Поэтому деконструкция как способ представления значений и смыслов может относиться только к области текстов, но не может относиться к области семиозиса.

Глава пятая «Категория континуальности в культурологической герменевтике: от дискретности к личностному смыслу» посвящена способам формирования языкового континуума как логико-когнитивной основы современных литературных текстов.

В § 1«Дискретно-континуальные знаки литературного текста» развивается мысль о модификации семиотико-языковой основы современных литературных текстов в сторону возрастания континуальности – включенности любого знака в гиперсинтагму языкового континуума. Дискретно-континуальные знаки могут рассматриваться как результат исторического взаимодействия дискретных единиц и смысловых процедур их интерпретации в контексте/тексте. К дискретно-континуальным знакам можно отнести все знаки, имеющие эпистемологические свойства, некоторую дискурсивную историю своего происхождения и развития, а также свойства относительной обратимости и выделимости, которые делают их пригодными для целей анализа текста. В современных литературных текстах концепт часто конструируется автором, причем процессуальность такого построения, «взятая» в отношении к сознанию (автора, персонажа, читателя, наблюдателя, некоторого Другого, Персоны), демонстрируется как прием построения текста. В параграфе при помощи анализа концепта Дом выделяется гиперзнаковая общность смысл-концепт-ценность, которая создает иллюзию семантической неподвижности концепта, но не может предотвратить процесс его «разбегания» (Ю.Е. Прохоров). Семантические границы такого «разбегания» показаны на сопоставлении текстов словарей И.К. Исупова и С.И. Ожегова, а также фрагмента рассказа «Сонечка» Л. Улицкой. Семиотическая несостоятельность исторической концептуализации словосочетания «танцевать мазурку» (М.Ю. Лермонтов), не получившего прецедентного статуса, показывает доминирование тенденций деконцептуализации над механизмами концептуализации.
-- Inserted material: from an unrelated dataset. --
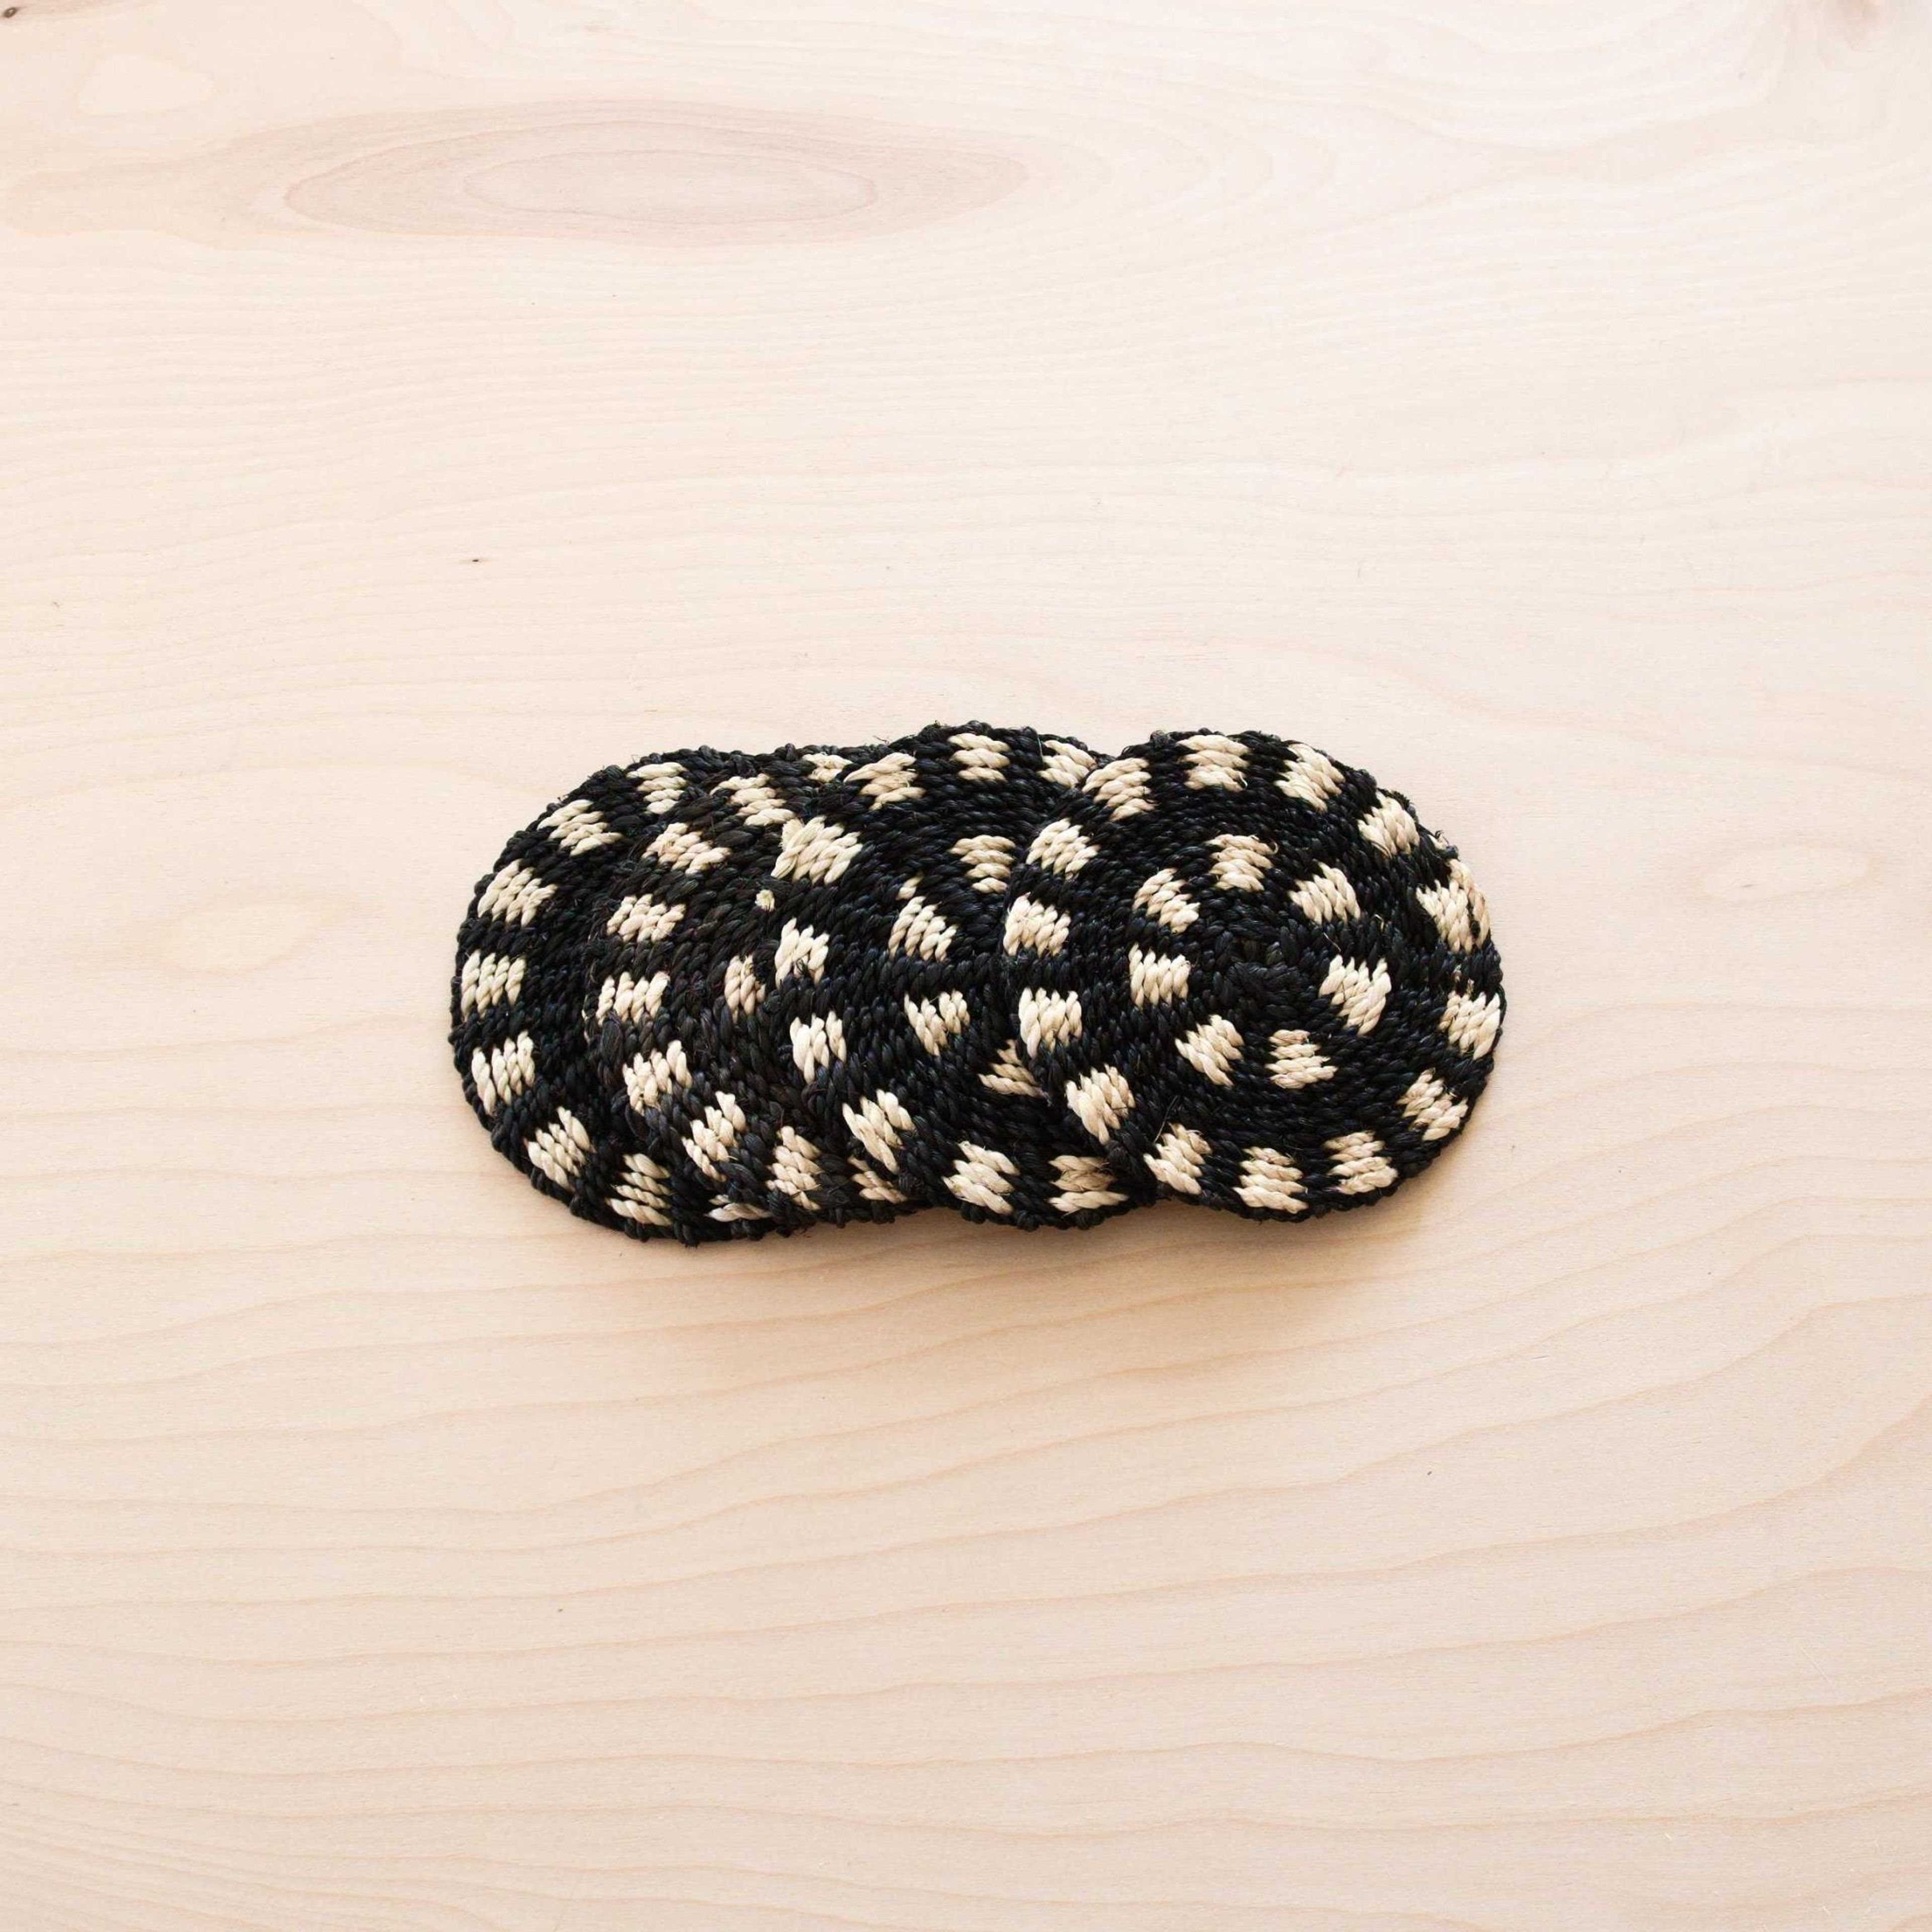 Two-tone Round Braided Coasters, black and white set of 4 - Natural Fiber | LIKHÂ

Делается вывод о том, что современный литературный текст теряет логико-когнитивную ясность, применяя контаминированные способы историко-культурных проекций или, вообще уводя концептуальное содержание в тень повествования, прибегая к умолчанию и тому способу выделения смысла, которое не может быть озвучено, представляя собой глубинные символические ассоциации. Такая эманация смысла теряет телеологичность (Ср. В.Л. Рабинович: «Вновь спрашиваю – Зачем? Затем»).
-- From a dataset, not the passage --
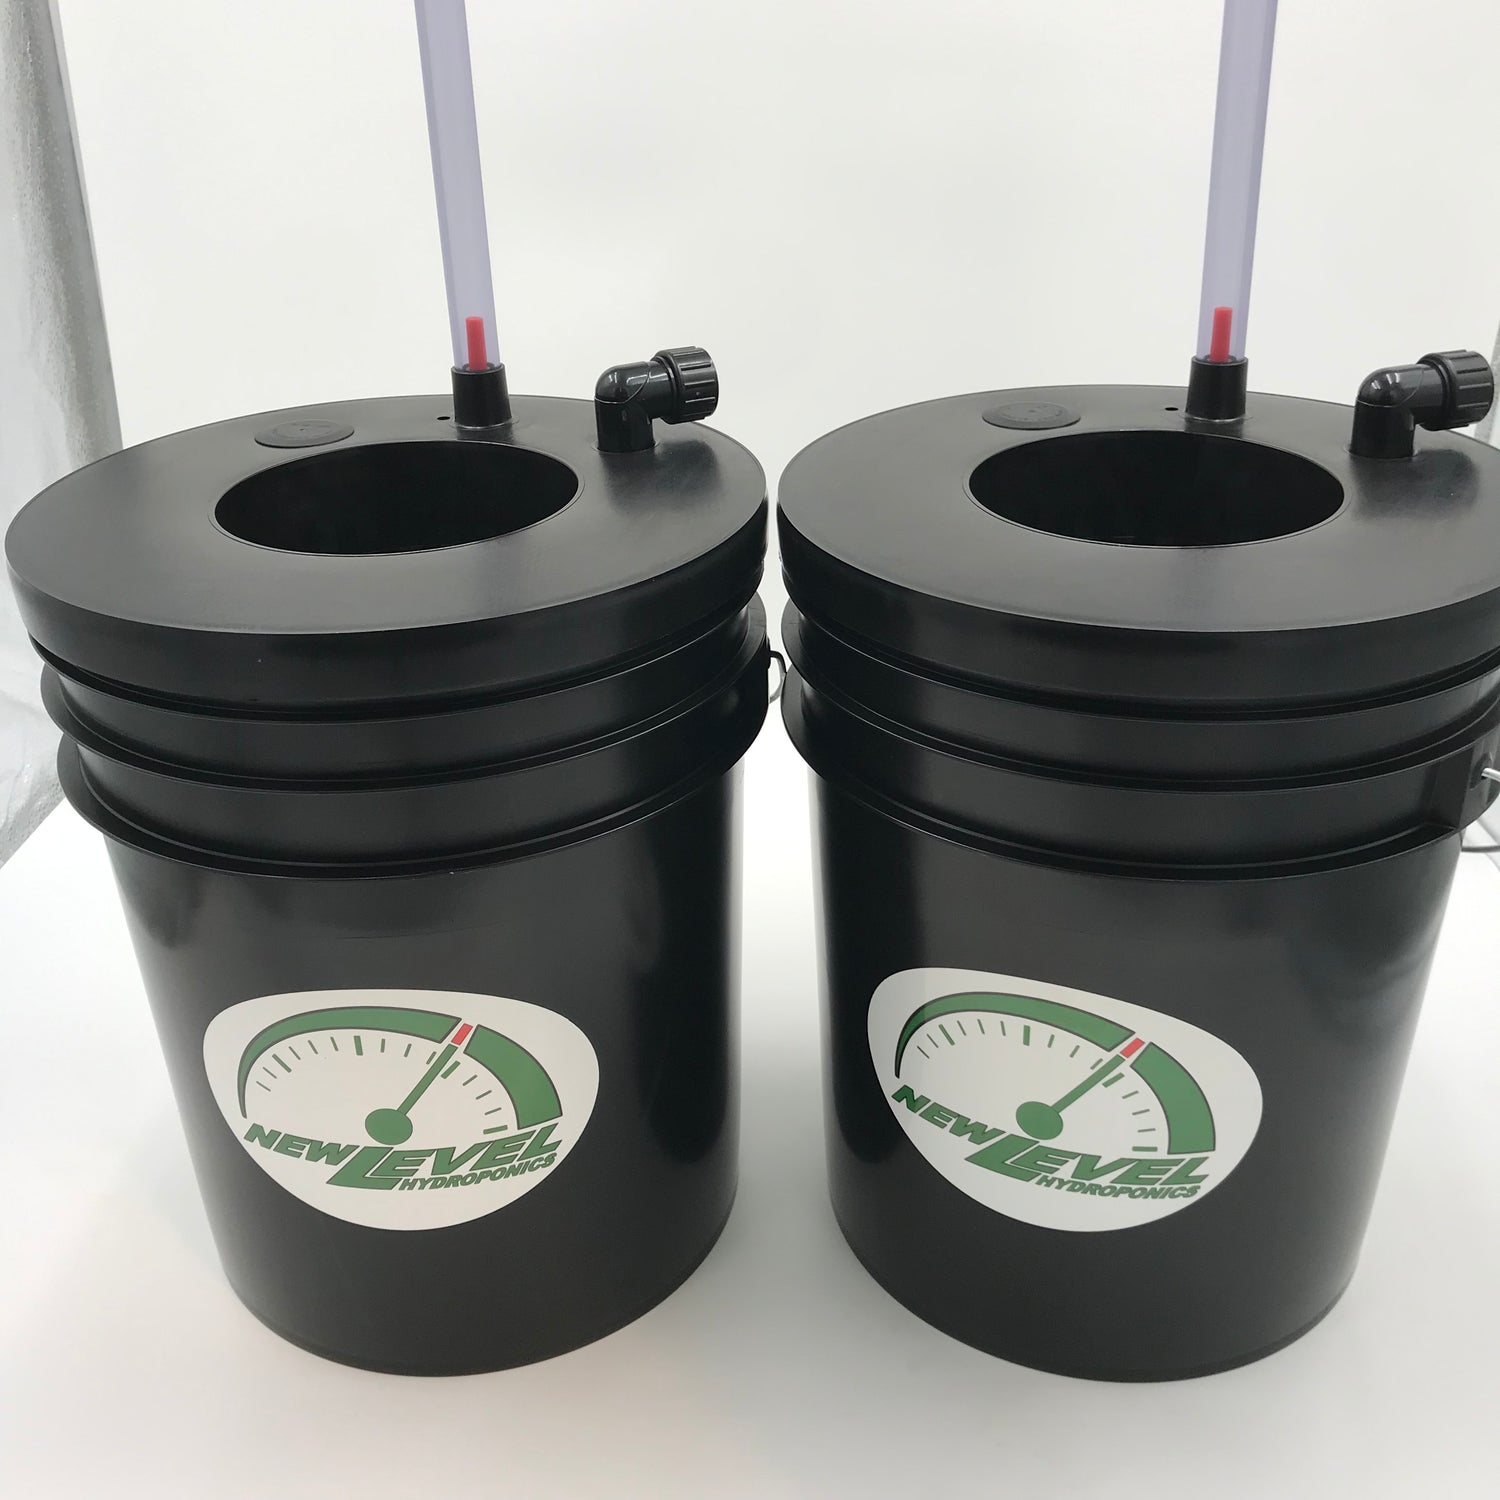 NEW LEVEL HYDRO  - Buckets and Grow Lids

§ 2 «Мотив и образ как континуальные знаки: порождение/восприятие нарратива» посвящен проблеме выделения лингвокогнитивных единиц текста – мотивов и образов. Они относятся к числу единиц, формирующих образный «ландшафт» литературного текста и составляют когнитивную основу повествования, ее «ткань», обозначающую и обнажающую индивидуально-авторское видение мира, ту эвристическую модель, которую выработало культурное сознание автора/читателя. С этой точки зрения можно говорить о нарративе как о реализации мотивационно-образной модели текста, существующей в сознании в виде ментальных комплексов и ассоциаций (как правило, на общей ценностной основе).

Мотив в литературном произведении чаще всего понимается как часть, элемент сюжета. Любой сюжет представляет собой переплетение мотивов, тесно связанных друг с другом, врастающих один в другой. Один и тот же мотив может лежать в основе самых различных сюжетов и тем самым обладать самыми разными смыслами.
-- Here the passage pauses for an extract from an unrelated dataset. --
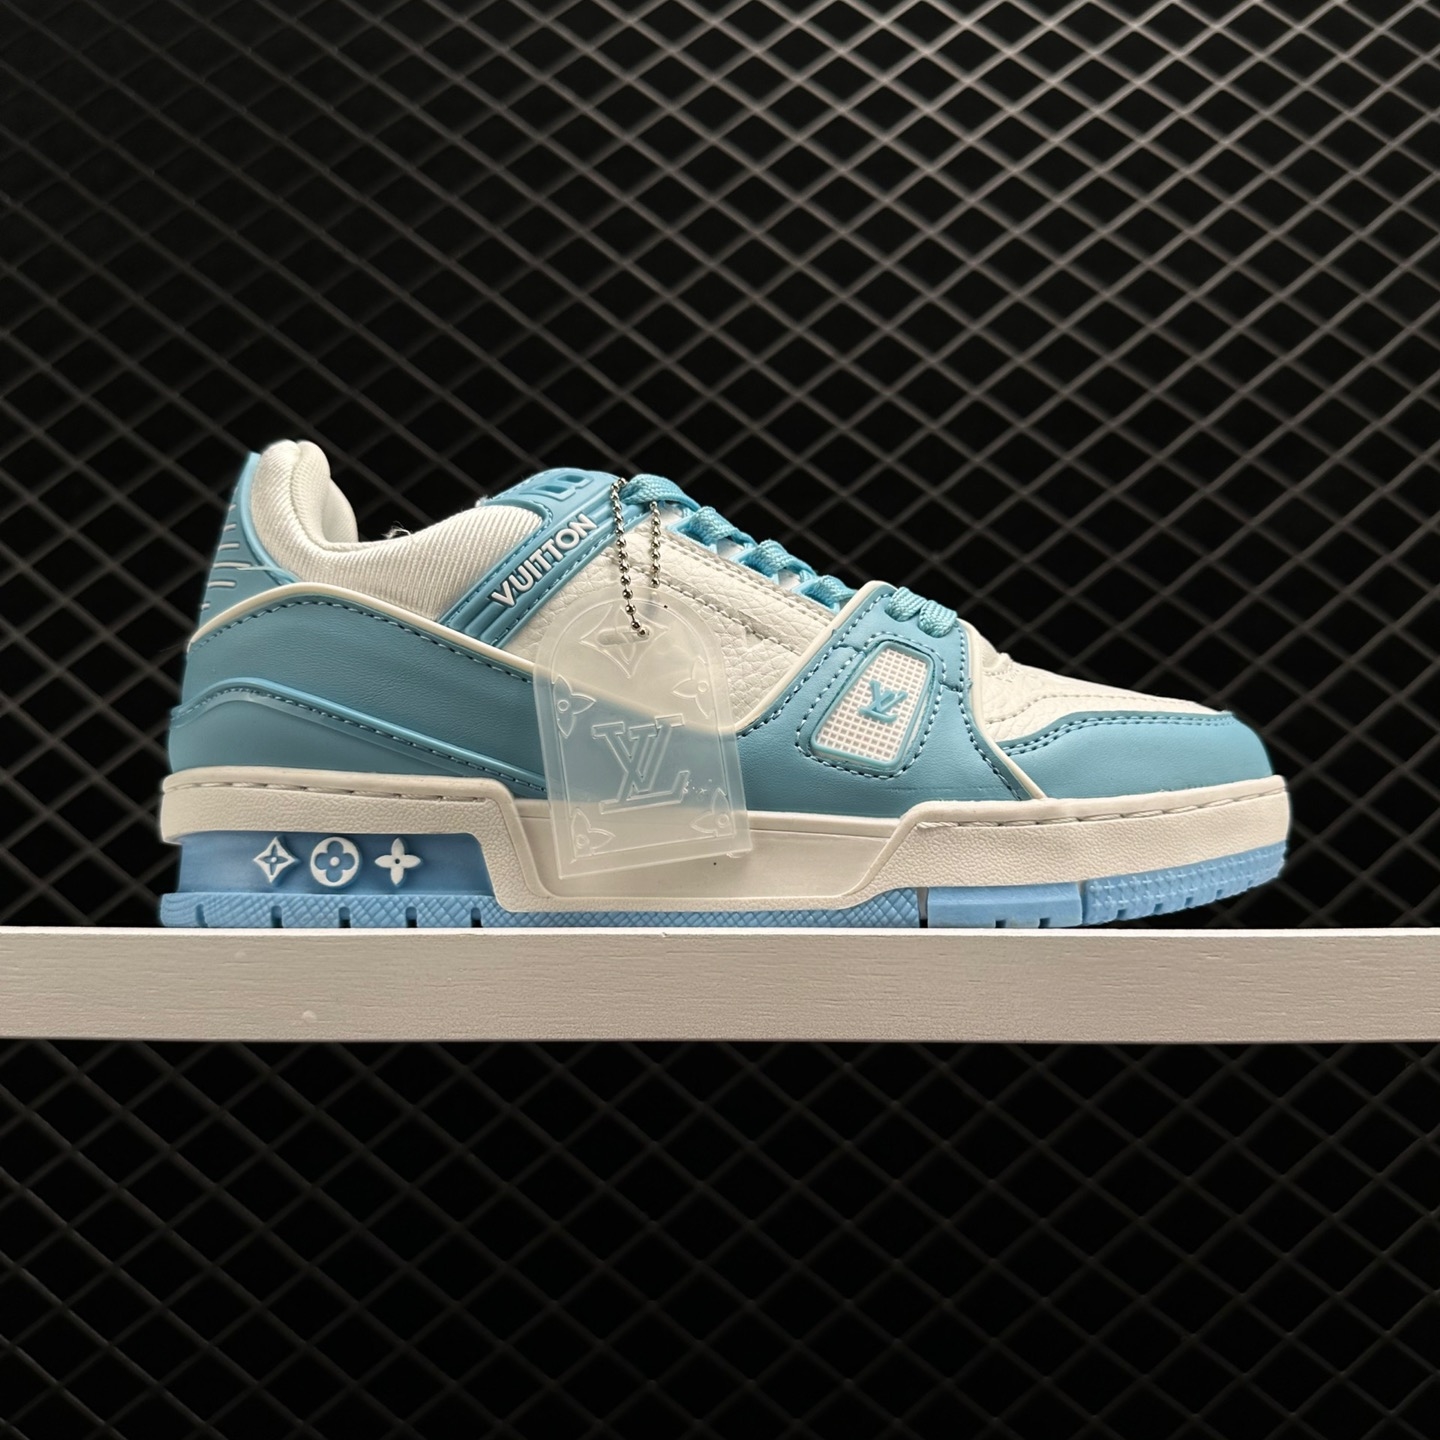 Louis Vuitton Trainer Low White Sky Blue 1AA6X4 - Style, Elegance, and Luxury

Эти достаточно традиционно выделяемые смысловые единицы существенно изменяются в современном литературном тексте, приобретая черты их нестрогого разграничения. Начинают функционировать встроенные в большой логико-философский контекст бытия-в-культуре контаминированные знаковые образования – мотивообразы, а сами мотивы и образы схематизируются и теряют смысловое наполнение. Мотивообразы могут проектироваться и синтезироваться (как в анализируемом тексте Д. Быкова), а могут подвергаться деперсонализации (как в приводимом тексте М. Фрая).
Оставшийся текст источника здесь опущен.